ESPE2024 Poster Category 1 Late Breaking 1 (10 abstracts)
1Institute of Maternal and Child Research, University of Chile, Santiago, Chile. 2Institute of Nutrition and Food Technology, University of Chile, Santiago, Chile
Premature adrenarche (PremA), is associated to increased adiposity and in girls to earlier puberty and adverse metabolic profiles. Recently, the use LC-MS/MS studies demonstrated adrenal production of more potent androgens:11-oxygenatedC19 steroids. Defining the mechanisms that regulate adrenal C19 steroid production has been elusive. We recently showed that genetic determinants of DHEAS during adrenarche differed from those identified during adulthood. One top variant was at the Prolactin receptor which is strongly expressed in human adrenal tissue. The aim of this study was to test whether there is an association between DHEAS and 11-oxyandrogen with prolactin concentrations in pre-pubertal girls.
Methods: 244 prepubertal girls recruited within the “the Food and Environment Chilean longitudinal Cohort-FECHIC”, with normal birth weight (3.37±0.02 Kg) examined at 6.7±0.6 years, anthropometry, and blood sampling. Steroids measured by use LC-MS/MS. Girls were categorized according to the DHEAS concentrations in normal DHEAS (ND, < 75th) or high DHEAS (HD, ≥75th percentile for the population). This definition of adrenarche subgroups allows identification of biochemical PremA from other independent factors influencing clinical manifestations (i.e: ethnicity, tissue sensitivity).
Results: None of the girls presented clinical evidence of pubarche. At this age mean DHEAS concentration was 16.4 (9.6 -25) μg/dL and the 75th percentile set at 25.0 μg/dL. Girls with HD had higher weight (1.3 ±1.2 vs 0.7± 1.1, P <0.001), height (0.6 ±1.0 vs 0.0± 0.9, P <0.001) and BMI (1.3 ±1.2 vs 0.9± 1.1, P <0.01) SDS compared to ND. All the concentrations of 11 oxy-androgens (ng/ml) were higher in girls with HD compared to girls with ND: 11KA4 by 16% [0.14 (0.12,0.16) vs 0.12 (0.10,0.14)], 11OHA4 by 43 % [0.07(0.05, 0.08) vs 0.04(0.03,0.05)],11KT by 35% [0.19(0.15,0.25) vs 0.14(0.11,0.19)] and by 30% 11OHT [0.03(0.02.0.05) vs 0.03(0.01,0.04)]. DHEAS correlated with each of the 11-oxyandrogens in the raw and fully adjusted models. Prolactin [6.5(4.4,10.7) vs 5.7(4.1,9.3)] ng/ml and insulin [7.2(5.7-8.7) vs 6.8(5.3-9.4)] uUI/ml did not differ in HD compared to ND girls. Prolactin did not associate to DHEAS concentrations but significantly associated to 11 KA4 (P <0.001) even after adjustment by covariates and was in the limit of significance in the fully adjusted model for 11 OHA4 (P = 0.051).

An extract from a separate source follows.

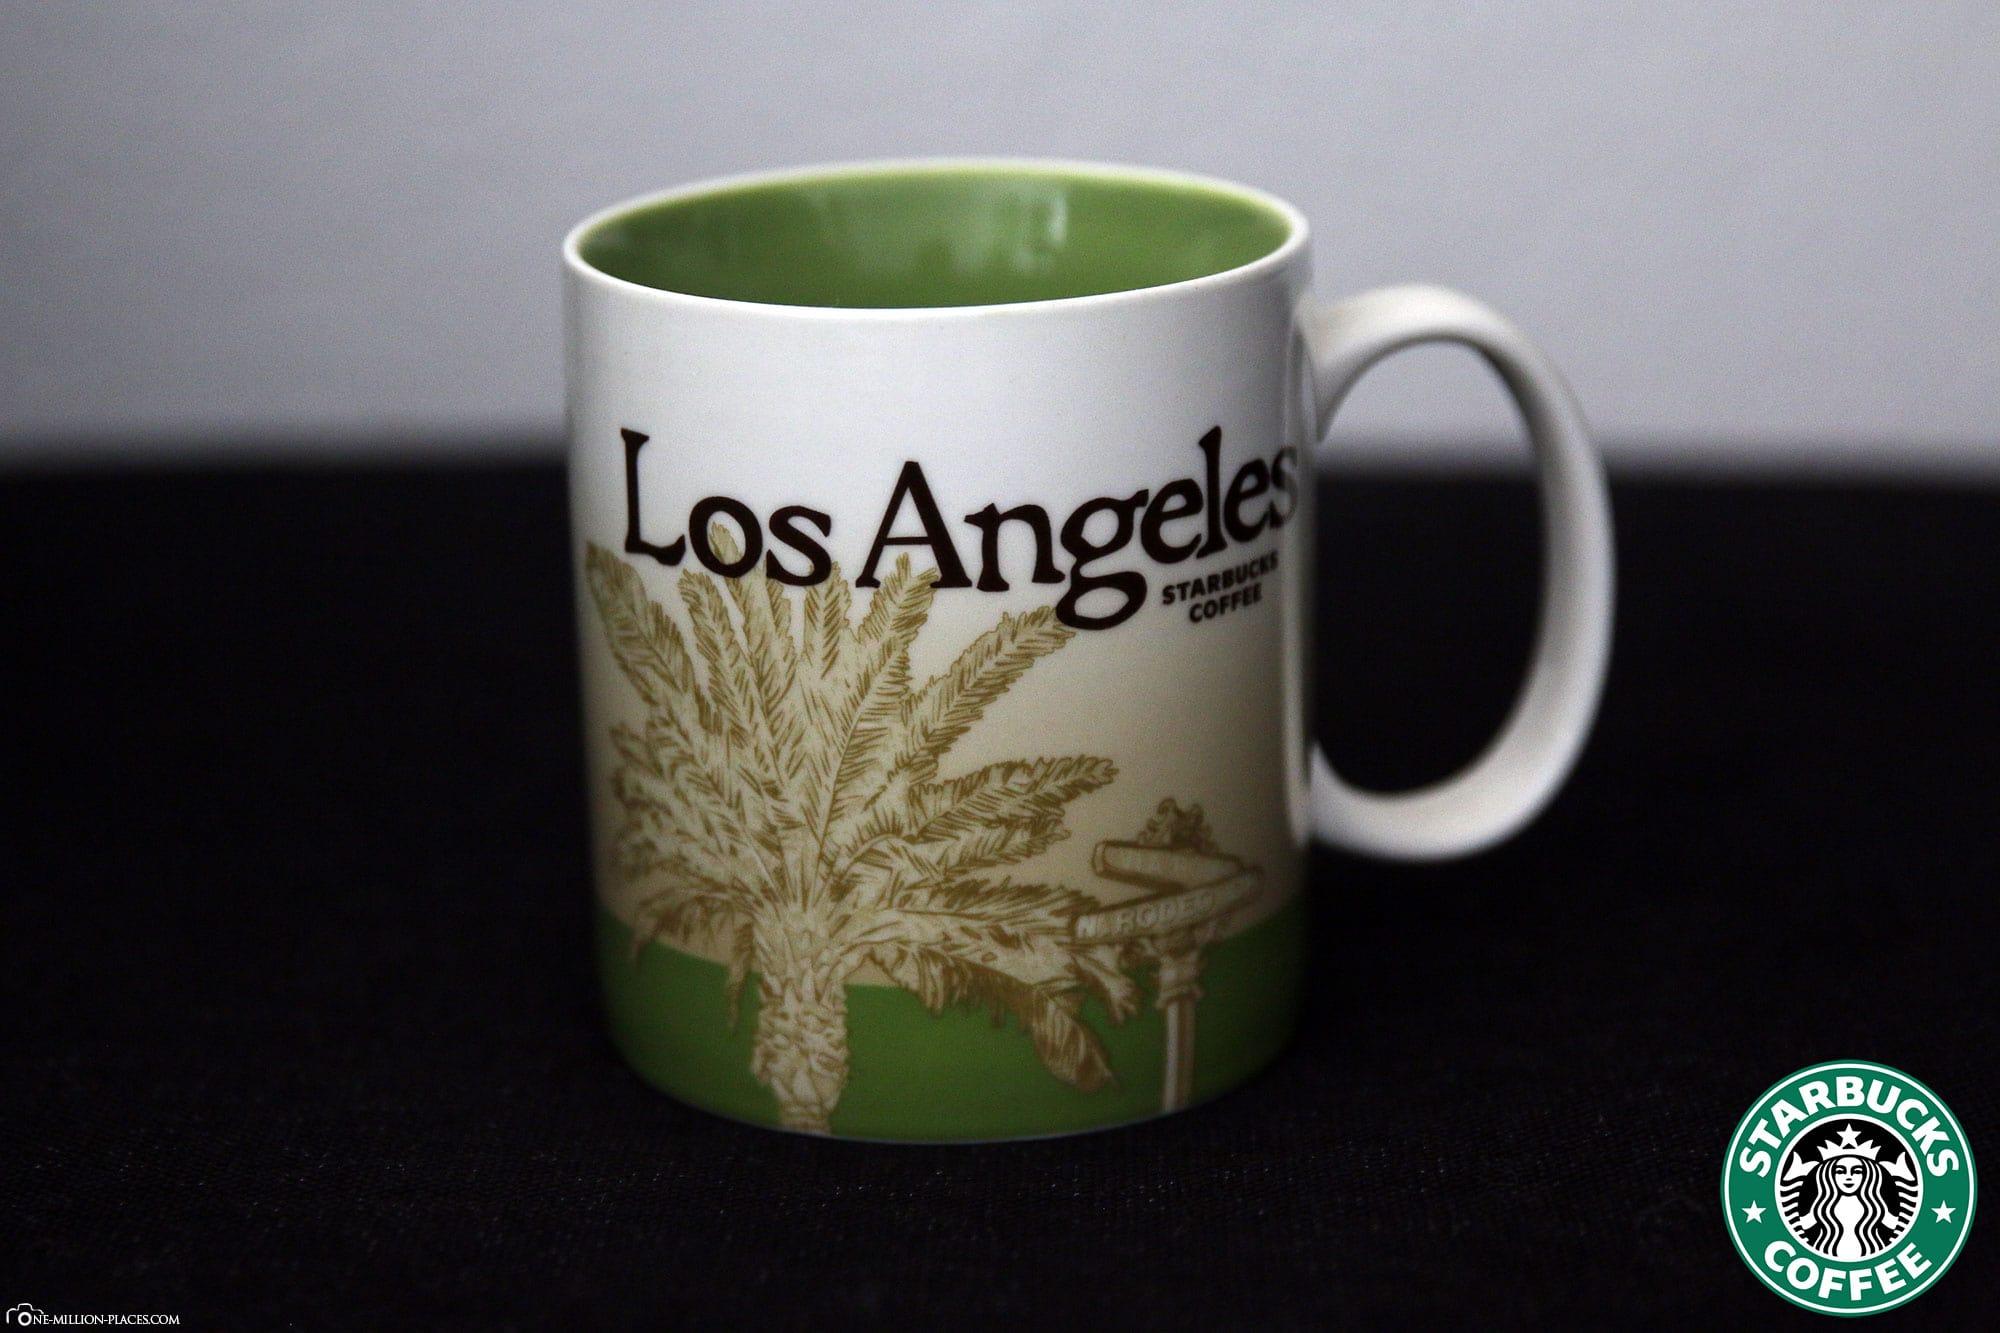 Los Angeles, Starbucks Tasse, Global Icon Serie, City Mugs, Sammlung, USA, Reisebericht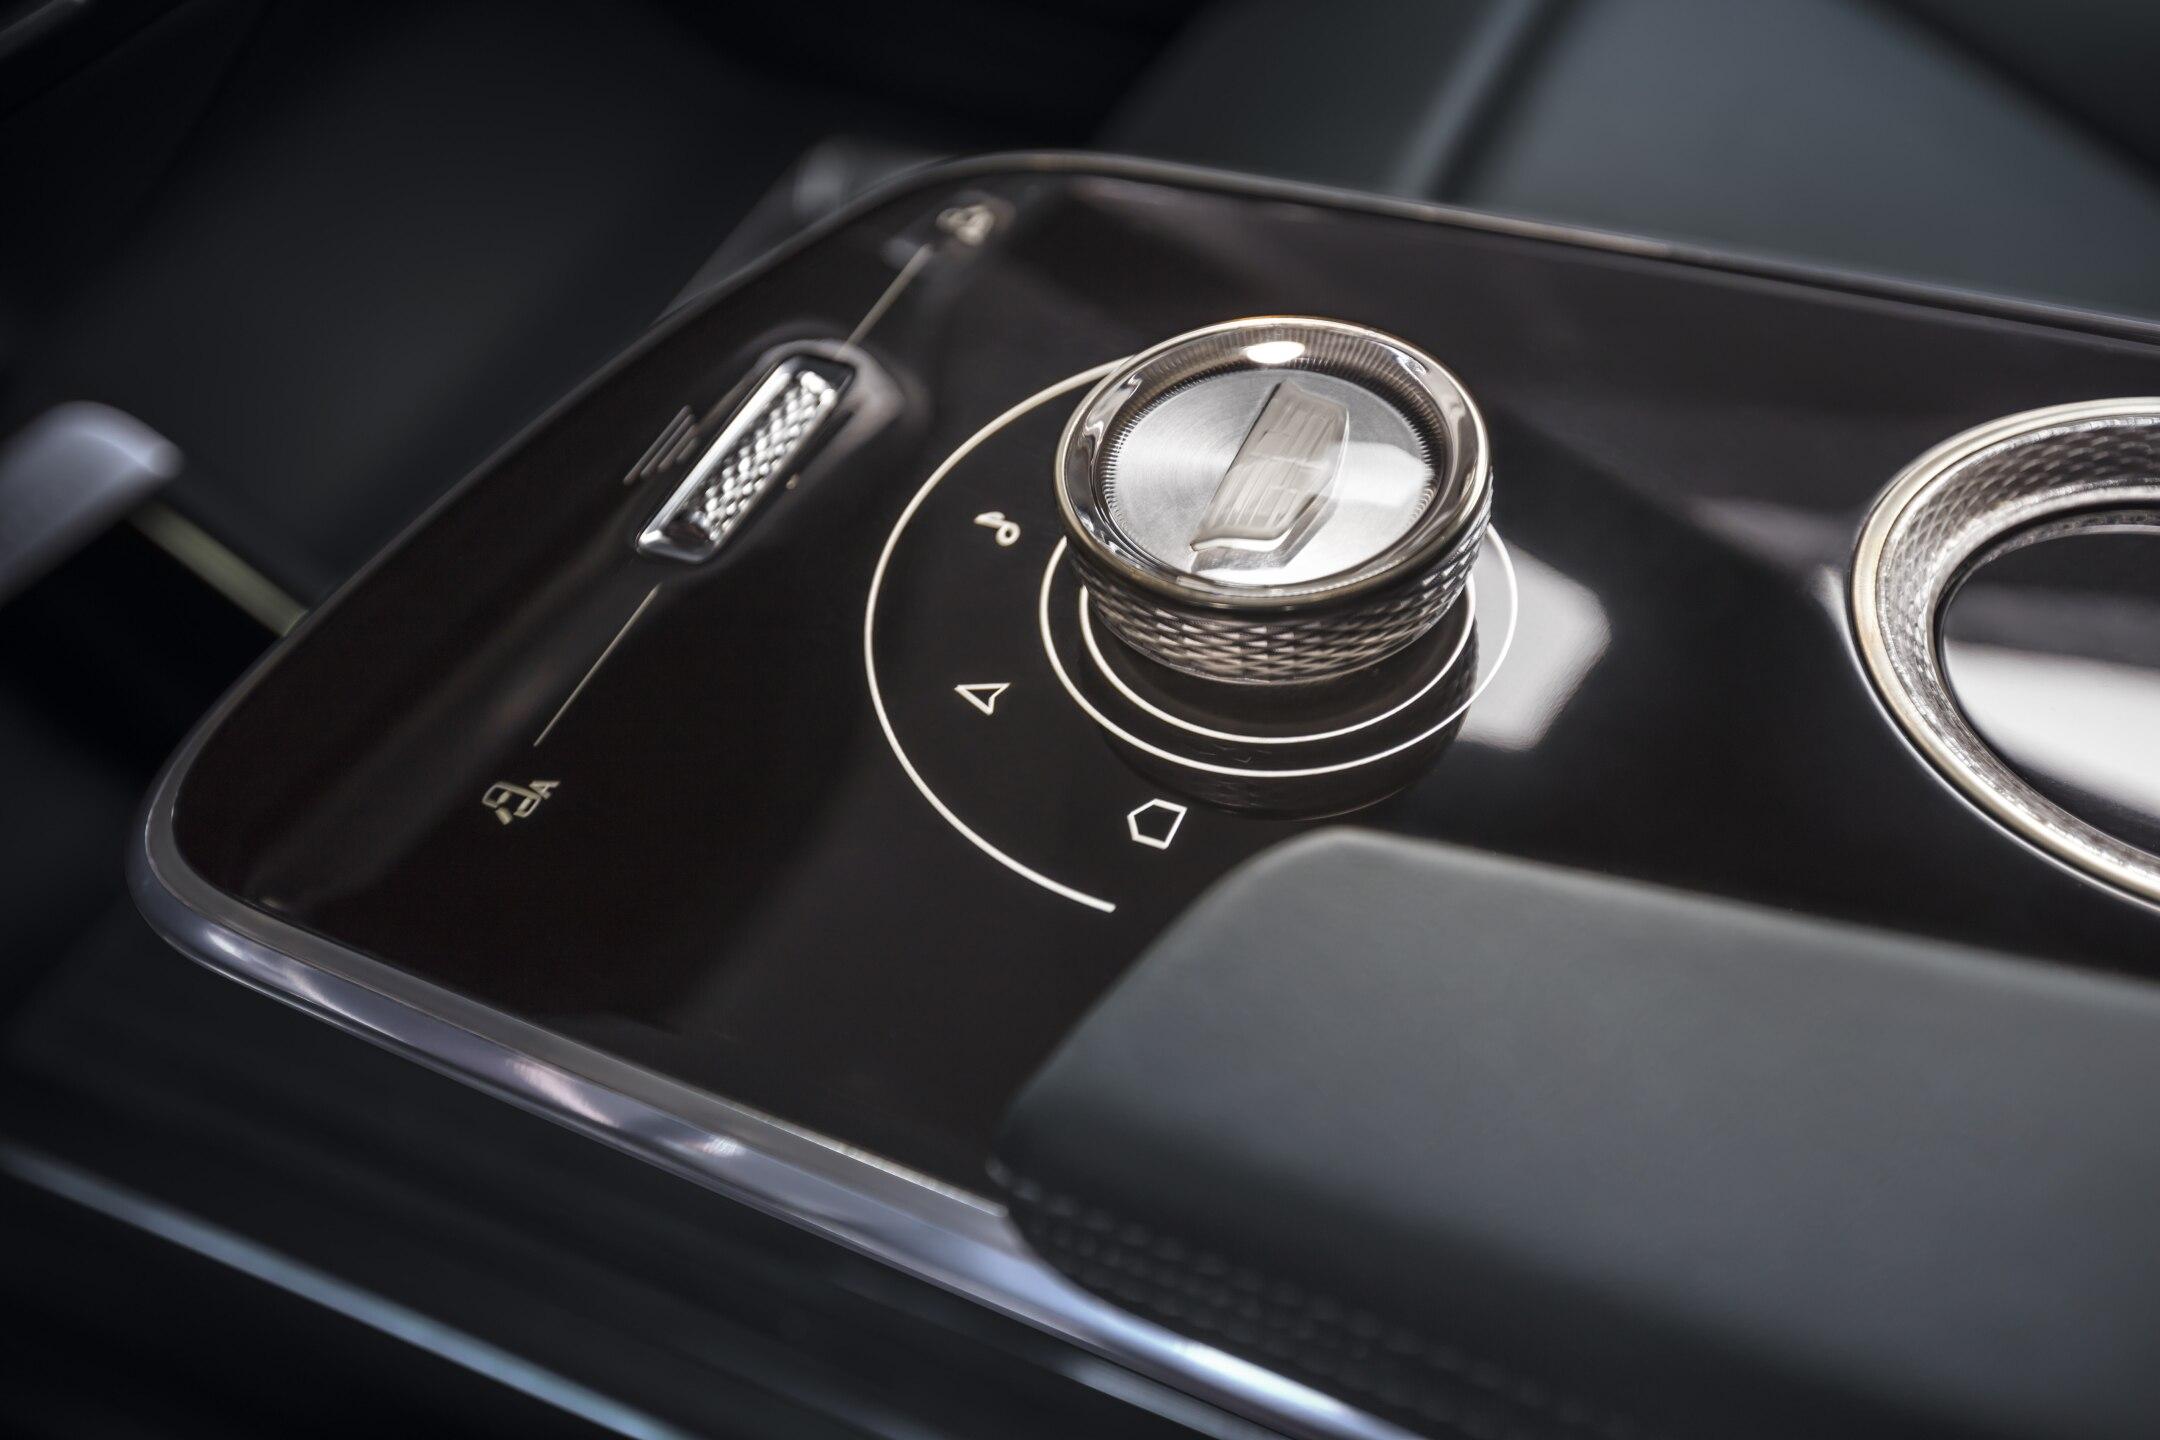 Cadillac LYRIQ's new electric vehicle architecture opens up po

Conclusion: Our observations confirm that 11 KT is the dominant bioactive androgen in children during adrenarche and PremA. Second that prolactin associates to the concentrations of the adrenal bioactive androgens. Conditions or medications that increase prolactin concentrations during childhood could have a role in modulating PremA.